Indian Trust Reform Still Mired, Watchdog Says Receivership Urged for Interior Program
The Washington Post
By: Bill Miller
Washington Post Staff Writer
September 18, 2001
The Interior Department has failed to correct record-keeping problems plaguing a trust fund the government maintains for 300,000 Native Americans, and the current management team appears unable or unwilling to get the job done, a court-appointed monitor said yesterday.
The monitor said Interior’s managers, in a series of quarterly reports to a federal judge that maintained progress was being made, “failed to provide a truthful, accurate and complete picture” of the status of reforms. The monitor, Joseph S. Kieffer III, said Interior Secretary Gale A. Norton must share responsibility for trust fund problems — even though they were decades in the making and Norton assumed office only in January — because Norton continues to rely upon the guidance of the same longtime managers who have had years to fix the system.
“The cry that ‘it didn’t happen on our watch’ can no longer provide a defense for this administration,” Kieffer said yesterday in a 43-page report submitted to U.S. District Judge Royce C. Lamberth.
Lamberth is presiding over a lawsuit filed by Native Americans that accuses the federal government of inadequate record-keeping, mismanagement and neglect. After a trial in 1999, Lamberth ordered reforms, but he stopped short of putting the system in the hands of an outside receiver, saying officials deserved one more chance.
Lawyers for the Native Americans said they now will ask Lamberth to put a receiver in charge.
“This report sets the groundwork and makes the case for why a receiver is necessary,” said Keith Harper, one of the plaintiffs’ attorneys. “You need to have a manager in there who can put them on the correct course to finally get trust reform done.”
The trust accounts were created more than 100 years ago to compensate Native Americans for use of their land.
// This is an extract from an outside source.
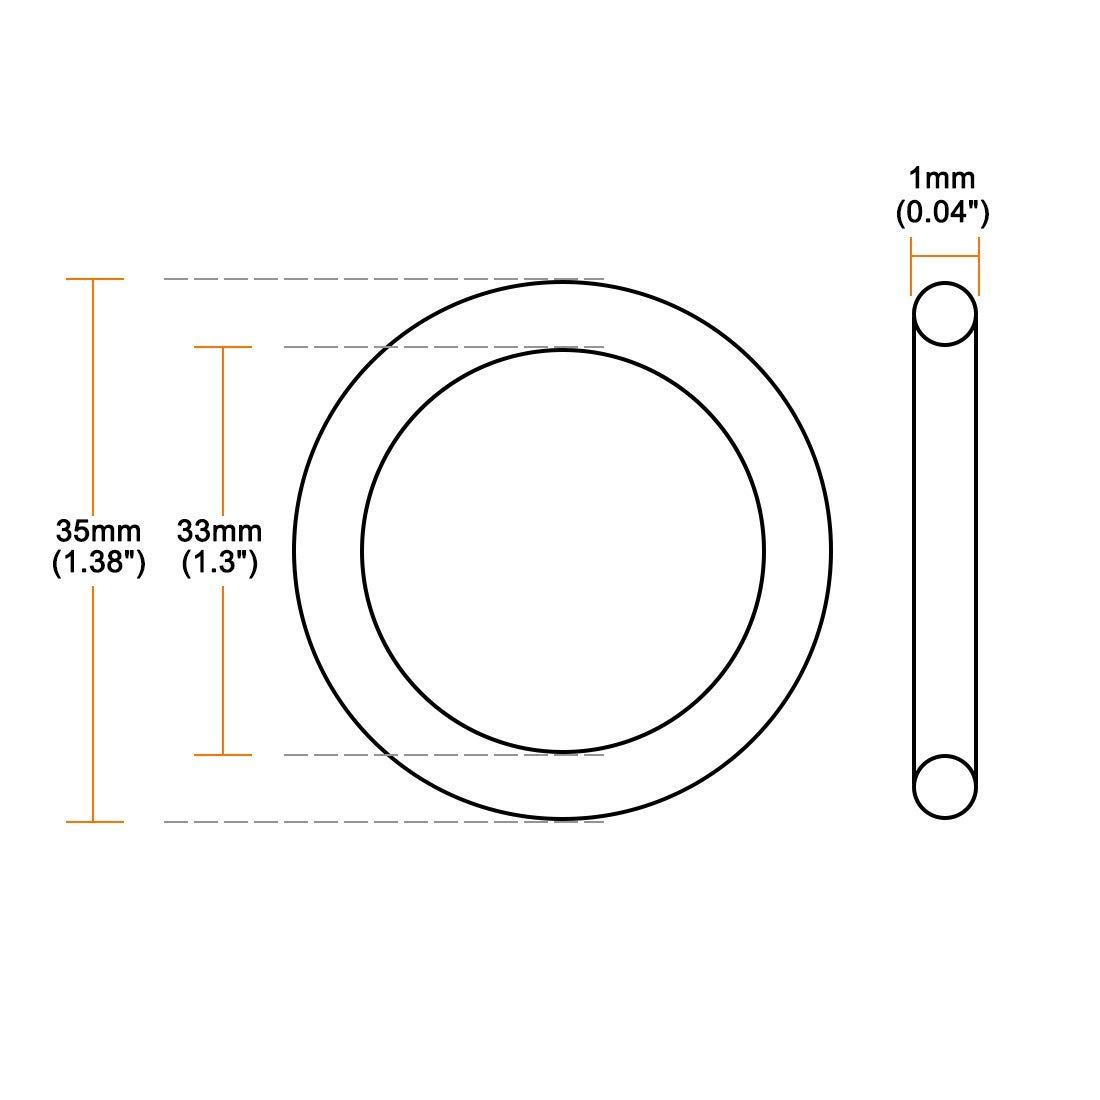 Diaphragm Chemical Metering Pump Flow LMH8TA-PTCB-G19 504.00 GPD Max Pulsafeeder 20 psi 115VAC Adjustable Output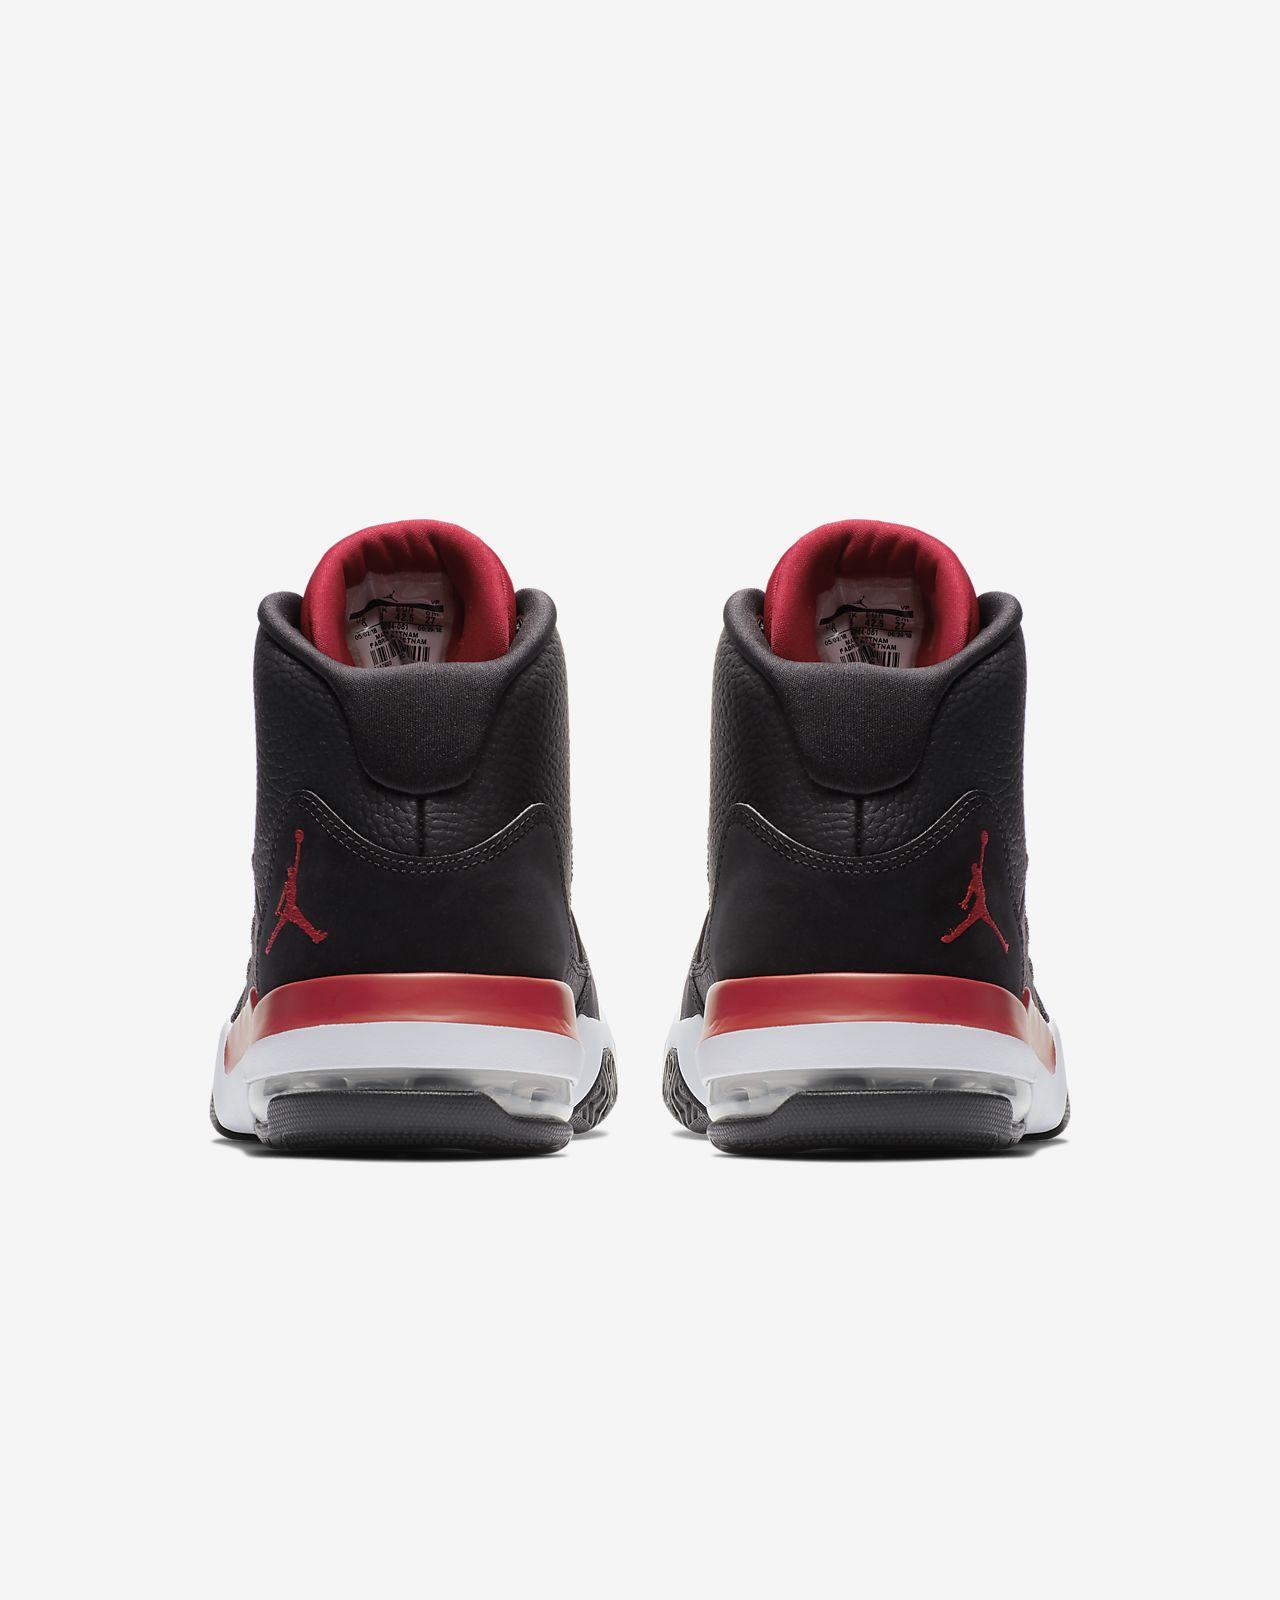 a971cac8a015 Jordan Max Aura Men s Basketball Shoe. Nike.com

The Bureau of Indian Affairs, an arm of the Interior Department, is responsible for maintaining land and title records covering about 11 million acres. Royalties from the sale of petroleum, timber and other resources on these lands go into the trust fund accounts, generating about $500 million a year.
A centerpiece of the reform effort is a new computer network that is supposed to track titles, trust accounts and income coming from roughly 170,000 tracts of land. Kieffer issued a report last month that said the computer project is behind schedule and might never work. Even if it does, Kieffer said yesterday, the quality of the automated system depends on the accuracy of the records that go into it. He noted that officials promised two years ago to “clean up” or correct records kept at nearly 100 offices. “Garbage in will mean garbage out,” Kieffer said. “The data must be accurate, complete and usable.”
Only a small fraction of work has been completed in the past 18 months, Kieffer said. An average of one land tract a day is logged into the computer, and even that data is suspect, he said. Saying “the math speaks for itself,” Kieffer warned there is little hope that the reform efforts will be completed in the near future, and he faulted Interior managers for not providing enough know-how and direction.
Interior spokeswoman Stephanie Hanna said officials hadn’t had a chance to fully review Kieffer’s report but added, “This administration believes that we are taking the appropriate steps to move forward on comprehensive trust reform.”
Norton has said she is making trust reform a priority, and she has met many times with BIA staffers. Government lawyers recently asked the judge for more time to come up with a complete assessment of progress. Kieffer urged Lamberth not to ease up on the pressure.
“The Interior defendants have asked this court to start the clock running anew for their administration, based on their performance to date,” Kieffer wrote. “In less than four years, another administration could be asking for the same leeway to correct the record of this administration’s actions or inaction. The . . . account holders do not have the luxury of starting over. Neither, perhaps, should the Interior defendants.”